=== WHAT YOU ARE ASKED TO DO ===
Print this span of the material below exactly: the line with "The Pope unleashed", the line with "Triple S Ranch", and every line between them, but nothing else.
= Beginning of Section =
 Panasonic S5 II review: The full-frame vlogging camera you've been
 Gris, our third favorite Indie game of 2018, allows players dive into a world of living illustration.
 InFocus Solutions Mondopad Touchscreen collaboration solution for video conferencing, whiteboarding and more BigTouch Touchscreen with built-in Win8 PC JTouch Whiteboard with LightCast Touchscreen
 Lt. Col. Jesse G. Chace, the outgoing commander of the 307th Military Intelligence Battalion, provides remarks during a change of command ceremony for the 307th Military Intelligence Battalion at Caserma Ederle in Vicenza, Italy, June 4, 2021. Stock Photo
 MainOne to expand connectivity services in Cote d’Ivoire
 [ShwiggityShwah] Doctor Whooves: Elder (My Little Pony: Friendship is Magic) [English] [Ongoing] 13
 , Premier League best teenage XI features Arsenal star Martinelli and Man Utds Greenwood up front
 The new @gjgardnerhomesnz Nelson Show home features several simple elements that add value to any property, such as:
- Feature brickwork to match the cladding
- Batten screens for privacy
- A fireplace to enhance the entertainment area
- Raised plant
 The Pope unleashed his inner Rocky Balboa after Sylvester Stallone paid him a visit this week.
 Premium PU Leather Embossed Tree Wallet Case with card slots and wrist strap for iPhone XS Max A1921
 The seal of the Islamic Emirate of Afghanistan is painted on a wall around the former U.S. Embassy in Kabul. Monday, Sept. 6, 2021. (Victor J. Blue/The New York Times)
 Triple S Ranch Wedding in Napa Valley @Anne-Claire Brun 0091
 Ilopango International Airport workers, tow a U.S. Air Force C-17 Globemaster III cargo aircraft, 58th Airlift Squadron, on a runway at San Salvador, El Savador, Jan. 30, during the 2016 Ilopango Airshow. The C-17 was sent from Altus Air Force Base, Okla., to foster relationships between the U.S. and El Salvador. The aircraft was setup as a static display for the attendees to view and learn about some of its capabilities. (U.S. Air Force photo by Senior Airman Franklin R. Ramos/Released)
= End of Section =
=== ANSWER SECTION ===
 The Pope unleashed his inner Rocky Balboa after Sylvester Stallone paid him a visit this week.
 Premium PU Leather Embossed Tree Wallet Case with card slots and wrist strap for iPhone XS Max A1921
 The seal of the Islamic Emirate of Afghanistan is painted on a wall around the former U.S. Embassy in Kabul. Monday, Sept. 6, 2021. (Victor J. Blue/The New York Times)
 Triple S Ranch Wedding in Napa Valley @Anne-Claire Brun 0091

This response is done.